On Interstate 540 near Bentonville, a billboard shows what appears to be a wild circus costume, or an outlandish party dress for someone who stands about eight feet tall. It is a Soundsuit, a work by the contemporary African American artist Nick Cave, famous for his distinctive fabric sculptures covered in strange geegaws and decorative exotica.

It is also an advertisement for Crystal Bridges Museum of American Art, the most-talked-about new museum in the United States in a generation. Opening Nov. 11 in the corporate home town of Wal-Mart and a bedrock of Middle America, the museum has ruffled feathers, challenged stereotypes and raised expectations as this country’s newest major cultural institution. That it is announcing its debut to a presumably conservative local audience not with a classic Western landscape, or a meticulous portrait of a Founding Father, but with a work of contemporary sculpture, is a sign of its larger cultural ambition.

“Going against type is a big part of it,” says Crystal Bridges Executive Director Don Bacigalupi, who has been helping the fledgling museum beef up its contemporary art collection. As the museum prepares for a deluge of foreign and national media coverage, it’s easy to anticipate the ready-made story line: The oddity of a world-class art museum rising in Arkansas, with reflexive condescension about its focus on American art and its origins in the Wal-Mart corporate fortune.

But as workers put the finishing touches on the new building and curators oversaw the installation of art collected over decades by founder Alice L. Walton, a visit to the museum made it clear that Crystal Bridges intends to be taken seriously well beyond northwest Arkansas. It has not only gathered a synoptic view of American art, it will feature contemporary galleries and an extensive library, and its leaders profess no squeamishness about embracing all aspects of the canon, including the experimental and the controversial.

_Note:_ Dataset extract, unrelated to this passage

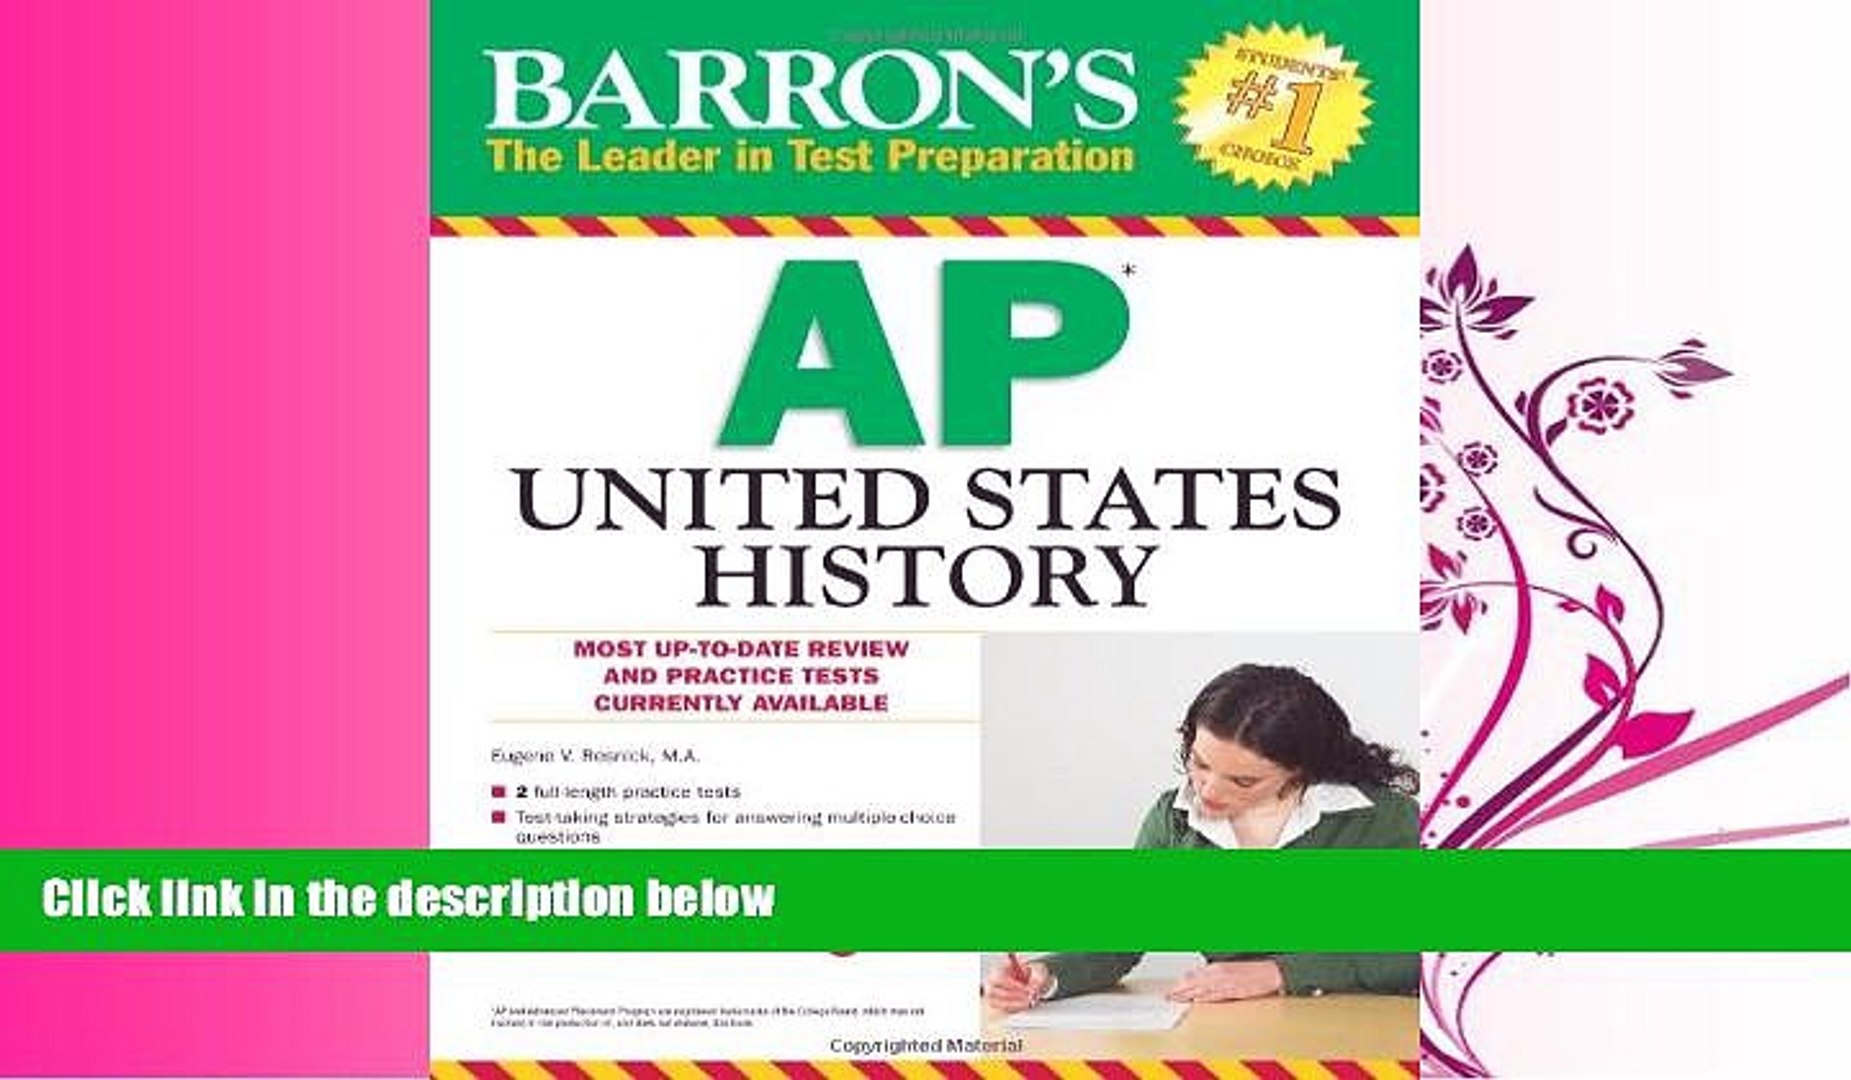 Different Barron's AP United States History courses can give you a unique perspective on American hi

Endowed by the Walton Family Foundation with $800 million, Crystal Bridges instantly joins the ranks of the richest museums in this country, and it has been using its extraordinary resources to assemble a collection of American art that may rival in quality, if not quantity, anything available to museum visitors in New York, Washington, Los Angeles or Chicago. It has aggressively pursued some of the most prized and iconic pieces of American art to come on the market in the past five years, leading some observers to detect an impact on prices that they call the “Walton effect.”